Plutôt fourni pour un premier opus, le disque présente 14 pistes dont un bon nombre coécrites et produites par le producteur américain Jesse Harris, connu pour ses collaborations avec Melody Gardot, Norah Jones et Madeleine Peyroux. La chanteuse préfère d’ailleurs décrire son rôle plus proche d’un réalisateur, comme on l’entend pour un film : « Jesse travaille à l’ancienne, on n’enregistre pas au clic. Ça permet un peu plus de liberté dans l’émotion de ce qu’il va se passer. Il y a un peu plus de magie dans l’enregistrement. Et puis on ne répète pas, ou quasiment pas. Comme une bande-son live. »

Le jazz est la ligne directrice et fondatrice de Gabi Hartmann – c’est TSF, c’est le Duc des Lombards, et aussi Nice Jazz festival, c’est Sébastien Vidal (Directeur des trois structures, ndlr). Il a été le premier à soutenir mon projet, et à découvrir mon EP, à adorer mes chansons, ma voix. Il a défendu mon projet dès le départ, m’a fait jouer au duc des lombards. Il a passé mes morceaux sur sa radio. Ça a été un super partenaire. »

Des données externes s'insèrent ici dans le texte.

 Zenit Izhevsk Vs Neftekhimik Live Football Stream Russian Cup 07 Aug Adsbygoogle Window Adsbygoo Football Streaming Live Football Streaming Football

Assemblé entre New York, Paris et le Brésil.

Le disque surprend autant par sa maîtrise que par la fusion des influences, qui s’enrichissent mutuellement. New York pour la liberté du jazz, et l’apport des musiciens du cru – Ils osent amener leur créativité dans un enregistrement. Paris pour le côté chanson, mais également pour une étape clef dans la confection de la musique : Le son, le mix, le mastering dans le résultat final de l’album, ça m’obsède. […] On était assez d’accord pour faire un son assez ‘roomy’, très acoustique. Comme à l’ancienne, pas forcément très mixé. Quelque-chose d’assez brut avec un côté vintage dans le son, années 60, 70. »

Les connaisseurs de l’univers des Melody Gardot, Norah Jones et Madeleine Peyroux, retrouveront le son très travaillé et la mise en valeur d’une voix unique. A commencer par « cette manière très posée, très douce de chanter, très proche du micro – on ne fait pas beaucoup d’efforts *rires* »

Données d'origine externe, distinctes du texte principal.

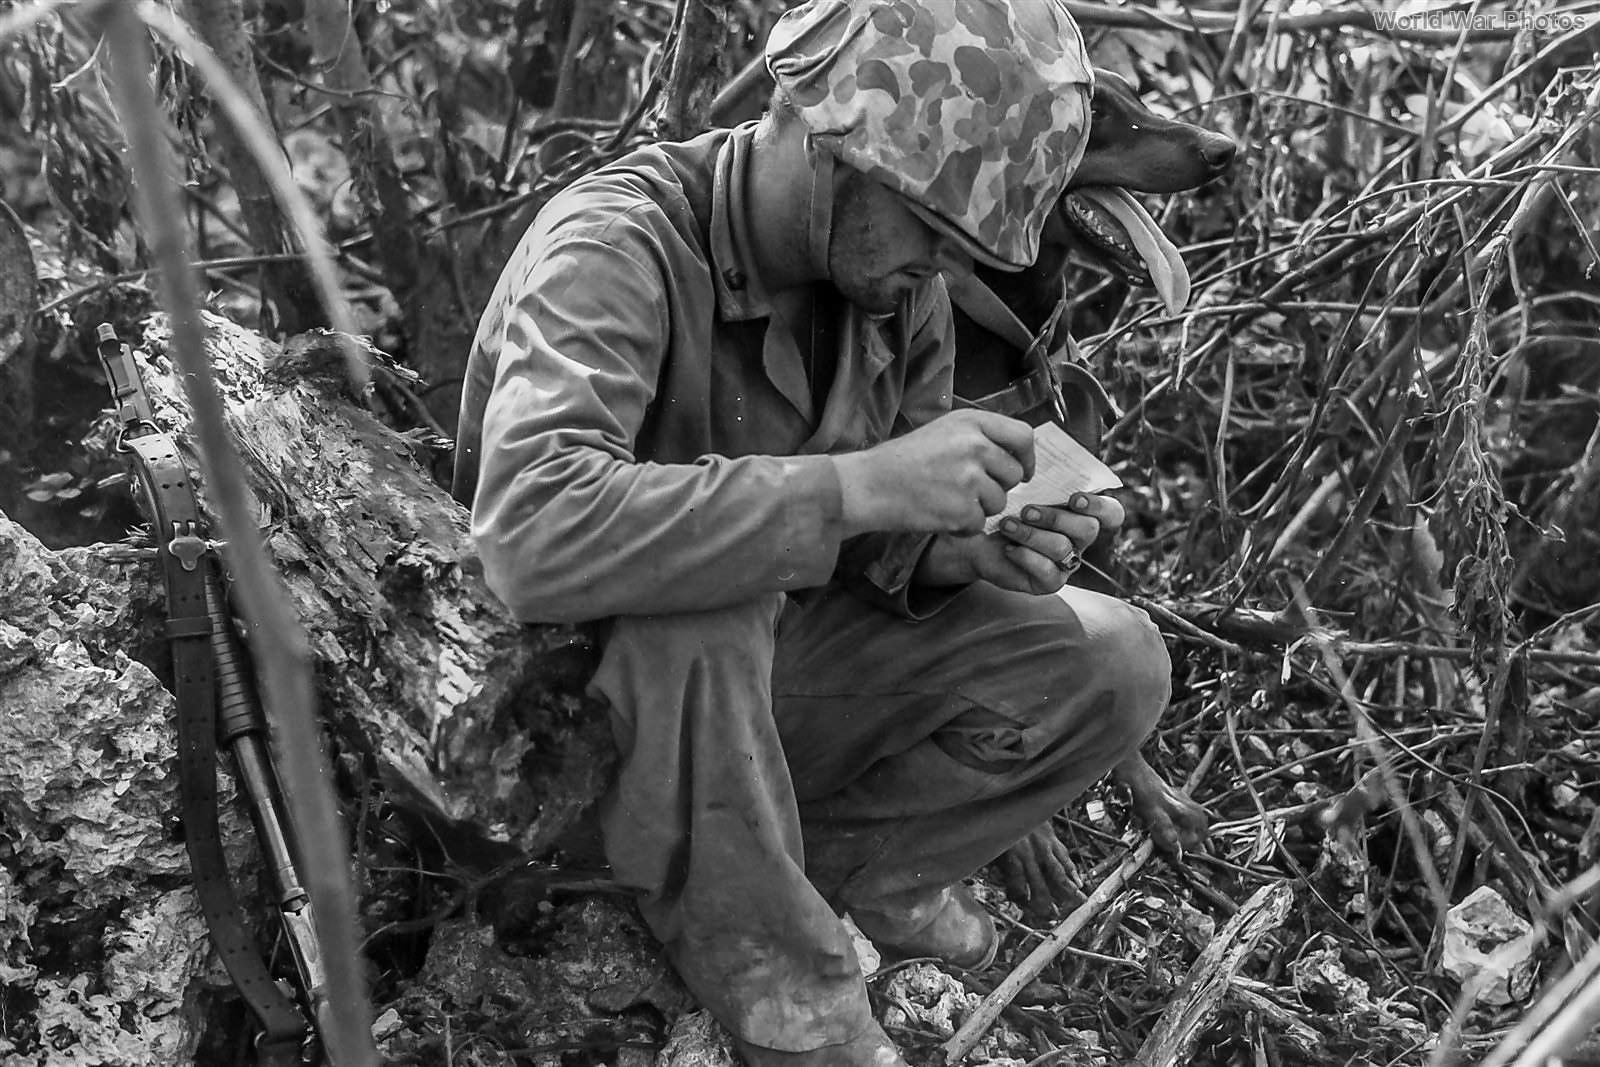 Marine_Dog_Handler_with_Model_1897_Winch

On voulait vraiment que tout sonne chaud.
Les albums de jazz actuels ont souvent tendance à être clean, froids et ça manque un peu d’âme, je trouve.
Ici, on a l’impression que tout le monde est dans la même pièce. J’aime ce son-là
Gabi Hartmann

Quid alors du Brésil dans la production ?

Curieusement, alors que Gabi animait Triozelas, un trio de chanteuse qui assume une « tambouille d’harmonies brésiliennes », le disque semble briller par l’absence de rythme bossa-nova.

Et pour cause, le Brésil s’infuse dans toutes plages par clins d’œil plus ou moins appuyés.

Plutôt que la batida tranquille de la bossa, la parisienne préfère le vent nouveau du tropicalisme brésilien qui lui succède : Raconter des histoires, des chansons dans tous les sens, avec Gilberto Gil, Jorge Ben Jor. De manière générale, c’est ce côté tropical, musique des Caraïbes qui l’inspire « J’aime beaucoup Harry Belafonte. Une de mes grandes influences dans cet album. »

 Je vois un pont entre la culture jazz, mais avec cette petite touche tropicale.

« S’il est une samba sans tristesse/ c’est un vin qui ne donne pas l’ivresse » écrit Pierre Barouh dans sa version française de Samba Saravah.  Ici la samba se cache, mais la tristesse traverse les chansons comme la pluie d’un dimanche après-midi tout en paresse. Fort heureusement, l’éclaircie n’est jamais très loin : « Il y a beaucoup de balades, c’est assez mélancolique. J’aime aussi les chansons uptempo, joyeuses, dansantes, peut-être que ça se sentira plus sur un prochain album. »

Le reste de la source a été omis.